- RV CONNECTED BATTERY WRONG BLEW THE BATTERY ISOLATOR RELAY INSTALL
- RV CONNECTED BATTERY WRONG BLEW THE BATTERY ISOLATOR RELAY GENERATOR
- RV CONNECTED BATTERY WRONG BLEW THE BATTERY ISOLATOR RELAY PROFESSIONAL
There is no wrong answer as long as you are happy with the results. It just means I did my home work, came up with a design, and then put all the pieces together just to prove that I could do it myself. Now having said that in no way implies I am an expert.
RV CONNECTED BATTERY WRONG BLEW THE BATTERY ISOLATOR RELAY GENERATOR
Never once did I use a generator or my vehicle to charge the battery while camping. I also did a solar panel setup for my pop up and was fully charging the battery each day off one 100W solar panel. My senior design project was an actual solar power installation at a Navajo hogan we designed from the ground up (yes it worked). I am merely stating what the laws of physics (as we know them) dictate, practical experience, and my own independent research beyond what I learned in school.
RV CONNECTED BATTERY WRONG BLEW THE BATTERY ISOLATOR RELAY PROFESSIONAL
YMMV and if you aren't sure use your favorite form of research tool, seek professional guidance from a certified electrician, etc. So now you have heard it from an Electrical Engineer. Properly charging a battery will net you a 3-5 year average life span and it is not unheard of to get 8+ years if you are doing it right. Even cheap batteries aren't cheap and buying a bigger battery just means a bigger cost to replace in that 1-2 year cycle. A lot of people do but then they pay for it in the end by replacing a battery every 1-2 years because they constantly drained the battery below 50%. Since you can't really make your truck or RV shorter (realistically) most people tend to opt for bigger wiring.Īgain, this doesn't mean you can't use smaller wiring. Larger diameter wire = faster recharging. The power source can be a generator, your A/C wall socket, a solar setup, etc. One that you can program to the type of battery you have (AGM, Gel, Flooded), has a temperature sense line, and has access to enough voltage to properly charge the battery. There are lots of ways to accomplish this but it all starts with a quality charger. The only way to be able to rely on the battery to last more than a year is to fully charge it before you start using it.

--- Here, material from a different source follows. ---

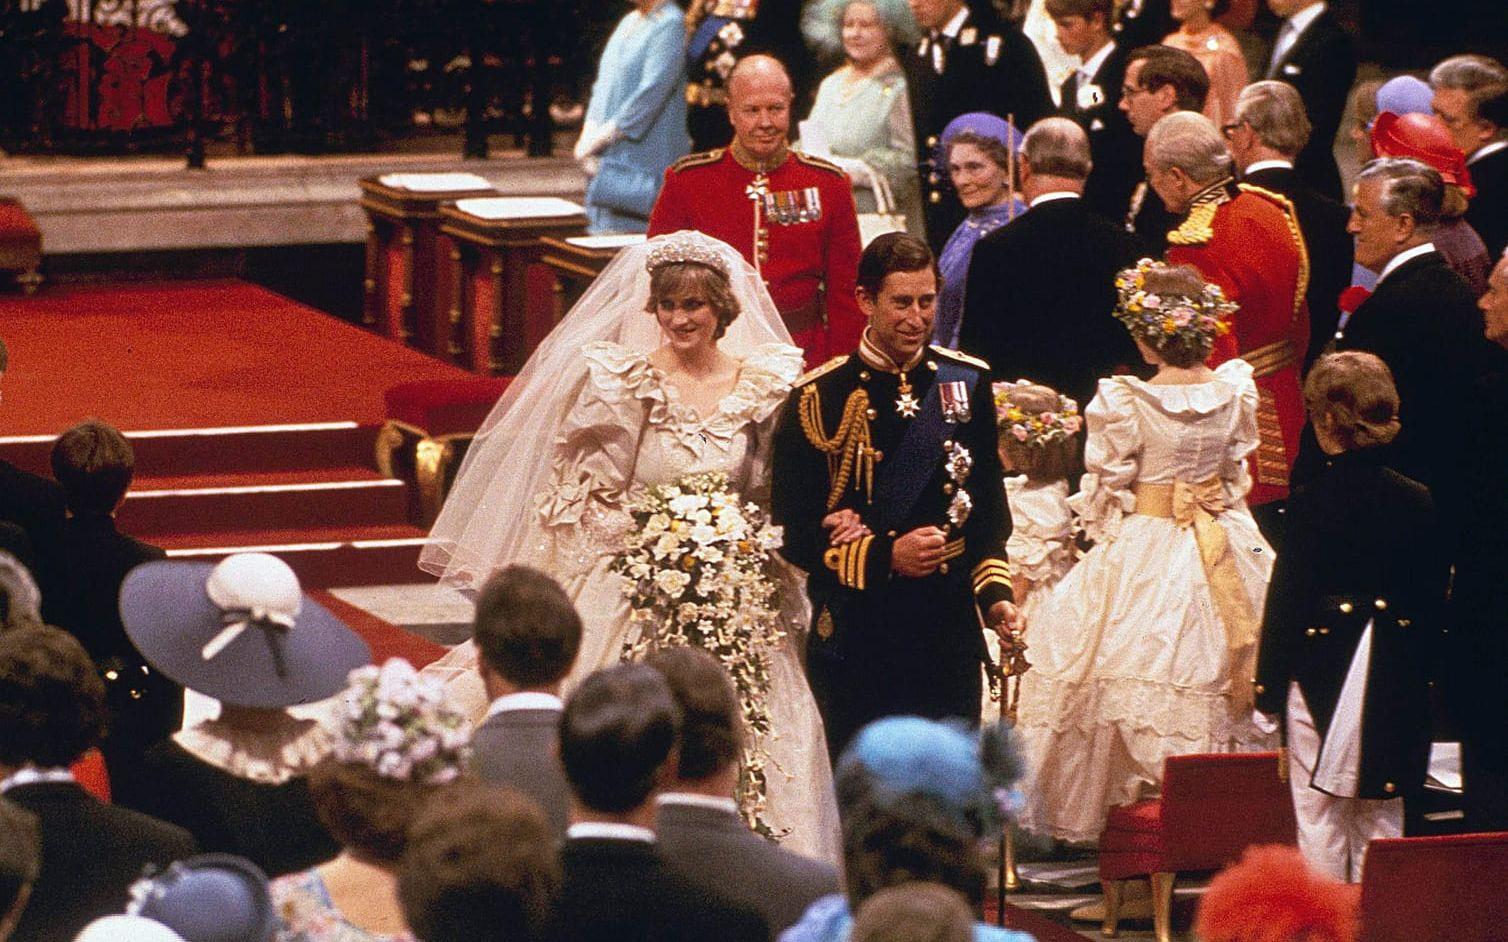 CHARLES OCH DIANAS BRÖLLOP. Det direktsända bröllopet mellan Prinse Charles och Diana den 29 juli 1981 sågs av cirka 750 miljoner människor världen över. Foto: TT
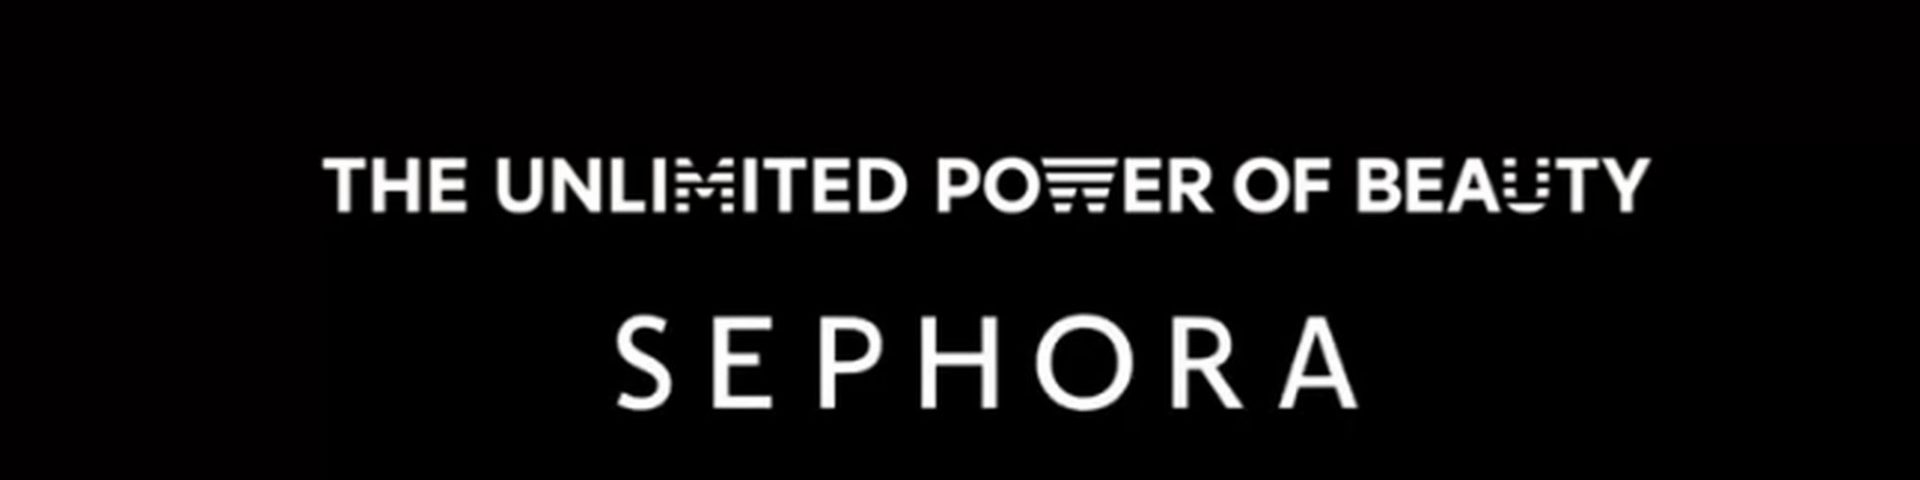 Pubblicità Sephora The Unlimited Power of Beauty: di chi è la canzone che fa da colonna sonora? (Video)

Deep cycle batteries life curves drop off quickly if you deplete them more than 50%. Not saying you would with your #12 but you have significantly reduced the likely hood.Īt the end of the day though relying on your truck to charge your RV battery is not going to cut it. Now you have the added peace of mind knowing you won't over heat your wiring as well. Not much but it's still a gain and all you had to is up the wire size.

At best you are going to get a 60-70% charge no matter how long you drive it meaning you have a 10-20% charge you can use without significantly reducing the life of the battery.ĭo the same with a 8 gauge wire and what would the results be? About 10% more. Not a requirement as they tend to be more of a standard with RV's so therefor easier to use) and it will maintain the battery but by no means charge it. Running a 12 gauge wire from your battery through 6/7 pole connector (I also favor the 7 pole but that's just a preference. Let's get to being relevant to this topic. That's just for 30A max! Why? To reduce resistance so I can maximize the panel's out put to the batteries. I will be using 4 gauge wiring from the panels to the charge controller and 1/0 gauge wires from the controller to the batteries.
RV CONNECTED BATTERY WRONG BLEW THE BATTERY ISOLATOR RELAY INSTALL
I am an Electrical Engineer and I am in the process of designing a 200W solar install project for my RV at 30A max. In the event of over current under sized wires like to melt at best or catch on fire at worst. The smaller the gauge the wire the higher the resistance of the line over distance thus a higher voltage drop (potential) and a reduction in the ability to flow current (amperage).